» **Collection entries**

<<<<

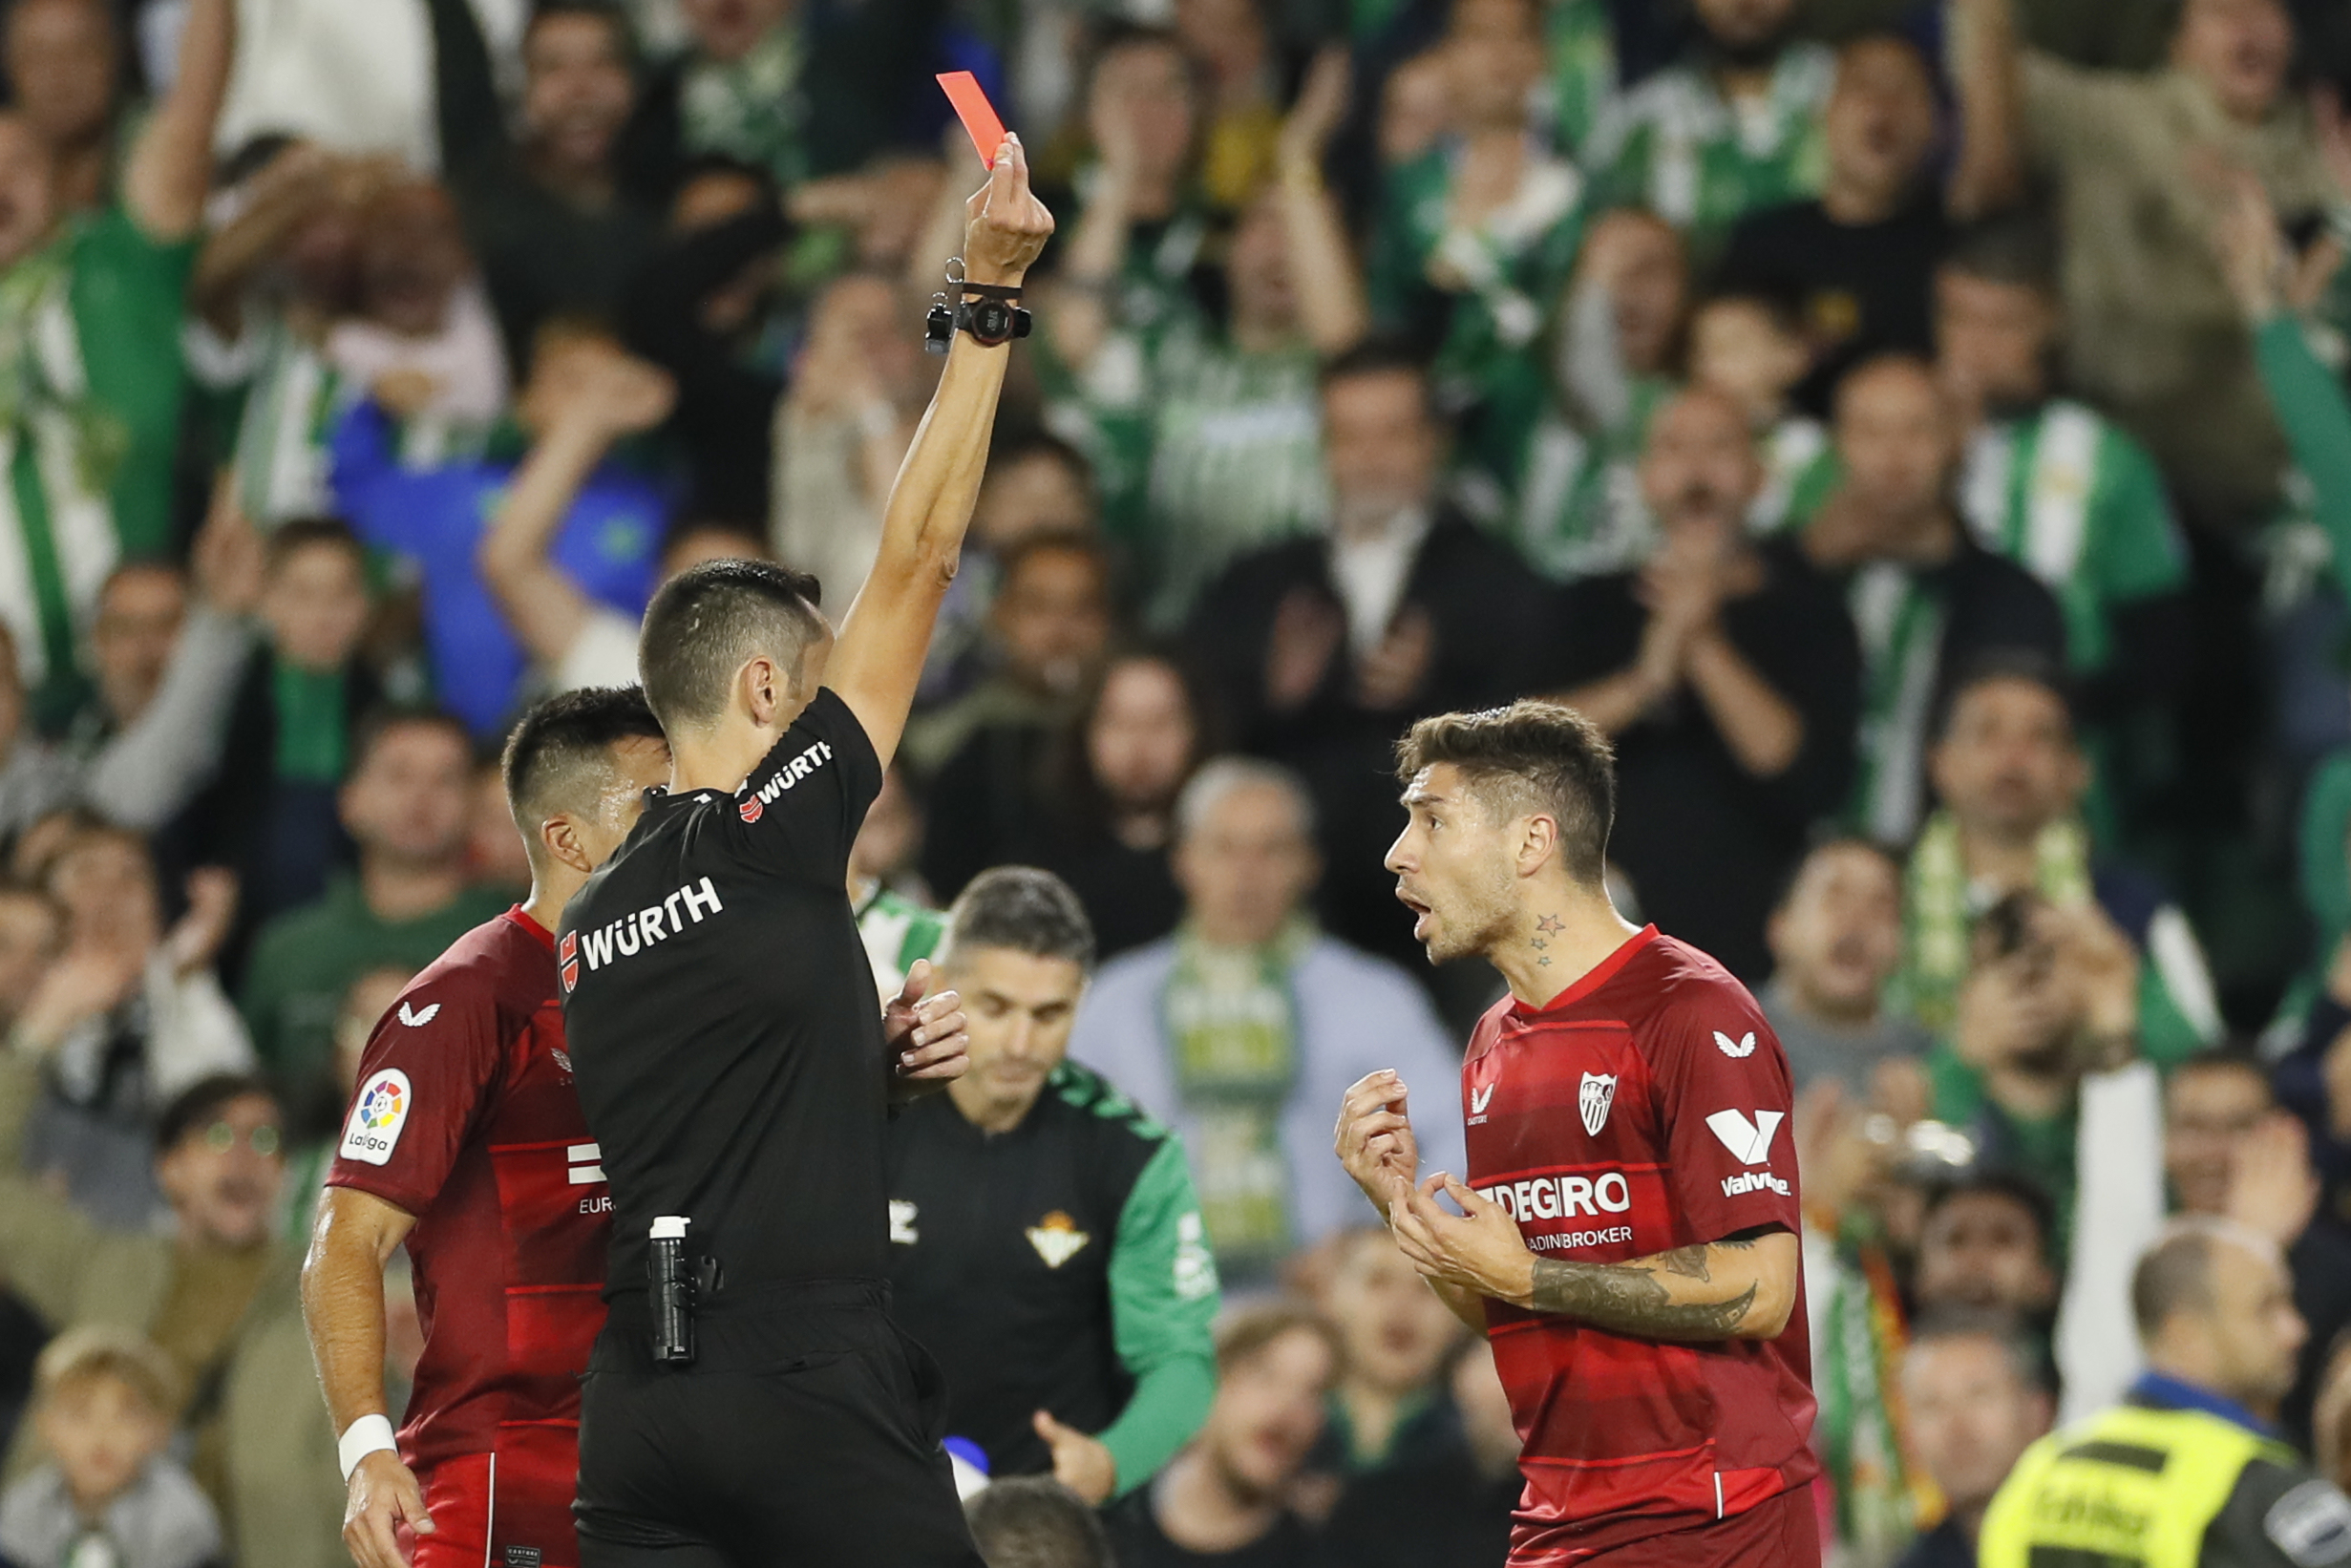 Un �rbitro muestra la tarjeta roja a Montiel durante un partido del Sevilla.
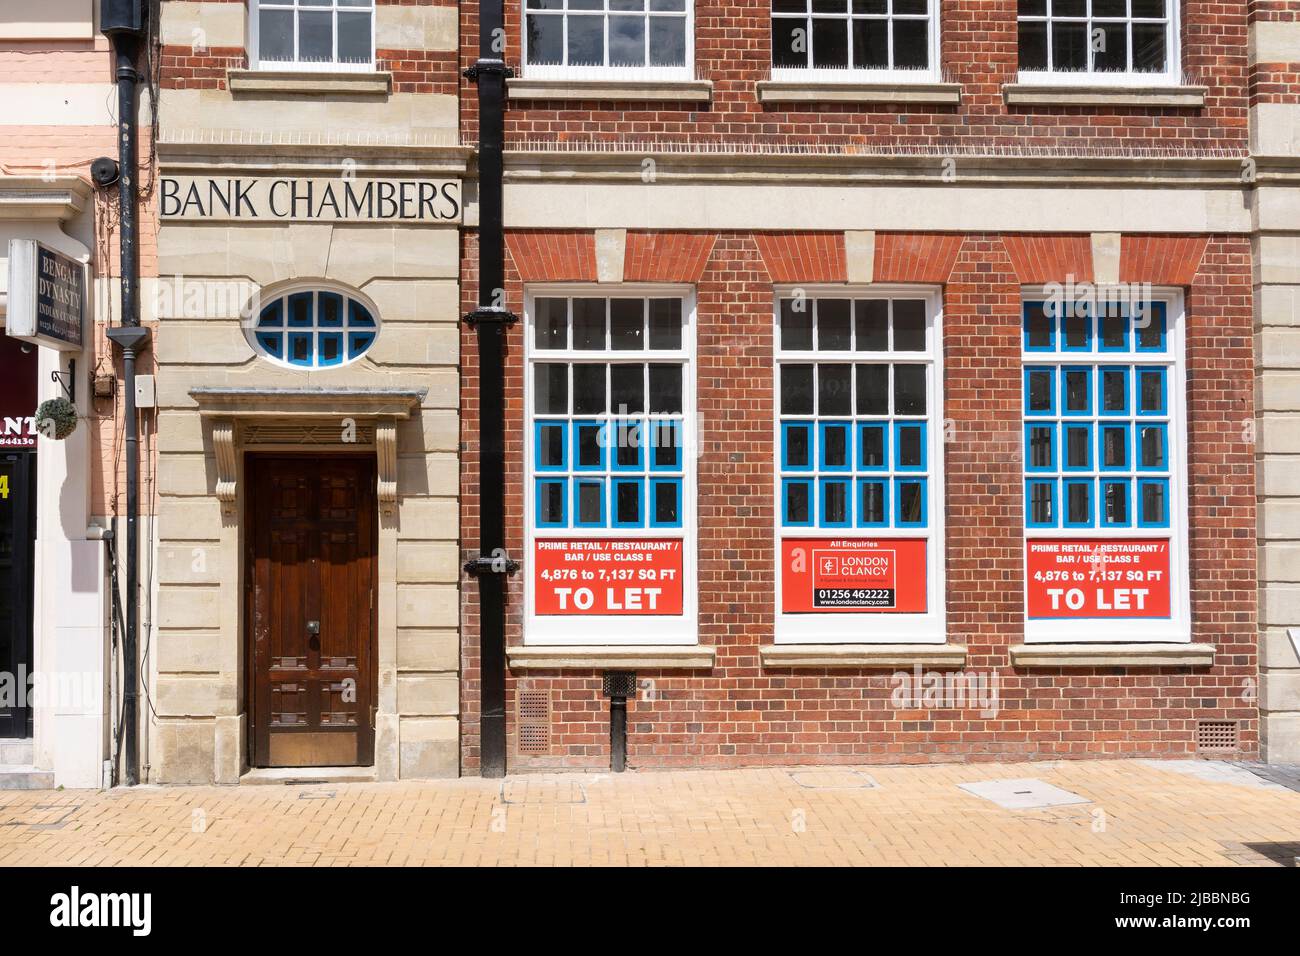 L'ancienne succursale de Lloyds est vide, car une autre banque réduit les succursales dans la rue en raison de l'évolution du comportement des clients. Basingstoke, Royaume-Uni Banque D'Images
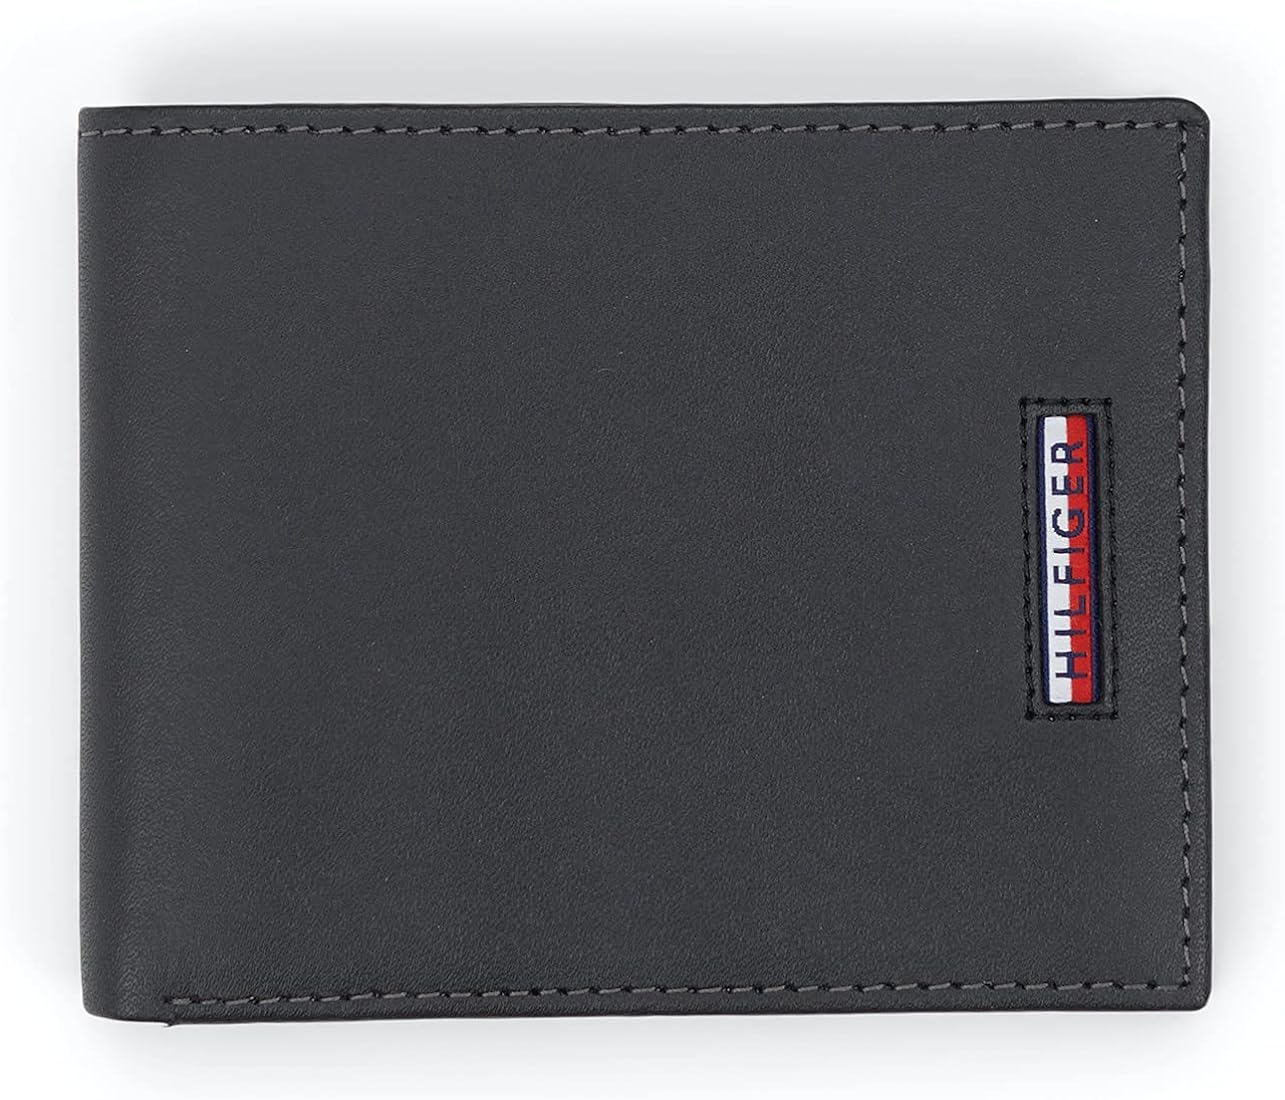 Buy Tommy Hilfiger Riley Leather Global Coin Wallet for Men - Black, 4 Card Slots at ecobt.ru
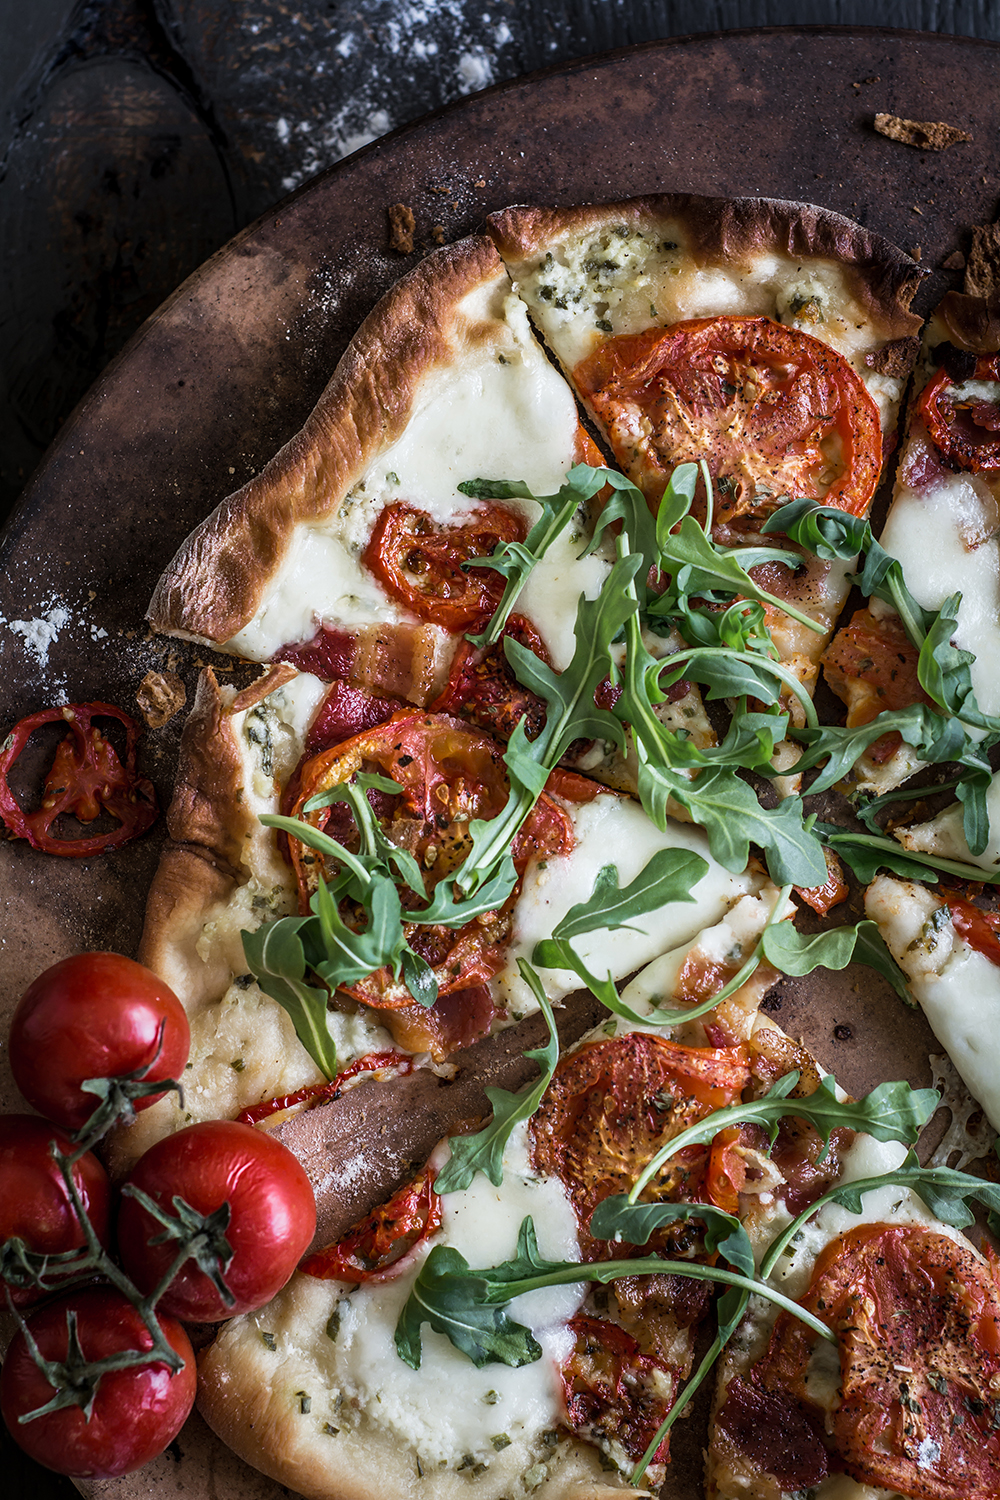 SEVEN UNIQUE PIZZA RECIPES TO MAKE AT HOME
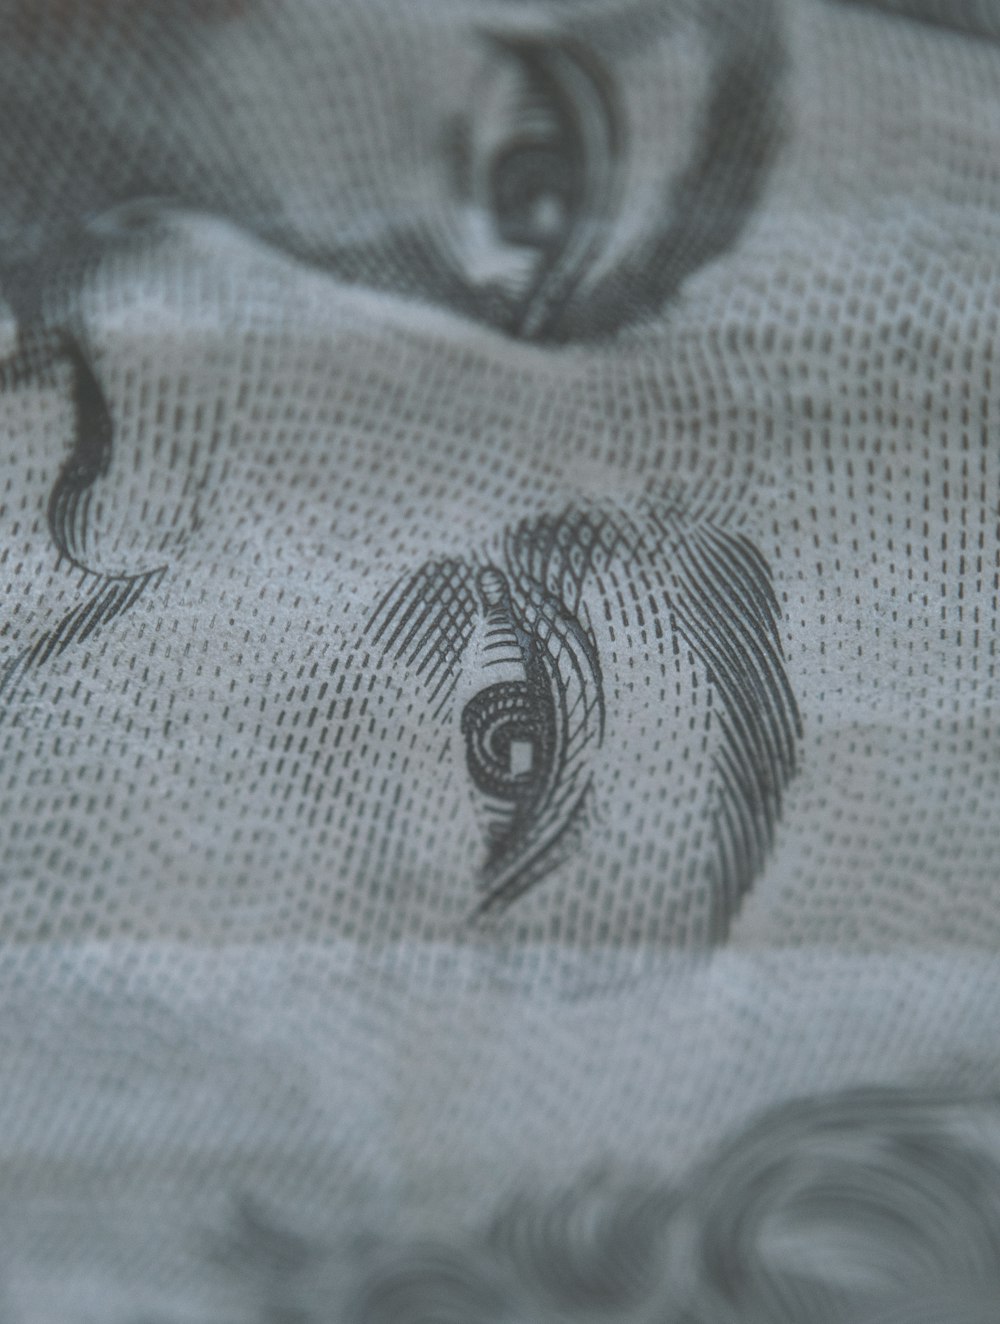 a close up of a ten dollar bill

>>>>

» **ABOUT THIS EXERCISE**
Set the lines above down again, word for word, from the first through the one containing "L'ancienne succursale de"; pictures excluded.

» **RESULT OF THE TASK**
 Un �rbitro muestra la tarjeta roja a Montiel durante un partido del Sevilla.
 L'ancienne succursale de Lloyds est vide, car une autre banque réduit les succursales dans la rue en raison de l'évolution du comportement des clients. Basingstoke, Royaume-Uni Banque D'Images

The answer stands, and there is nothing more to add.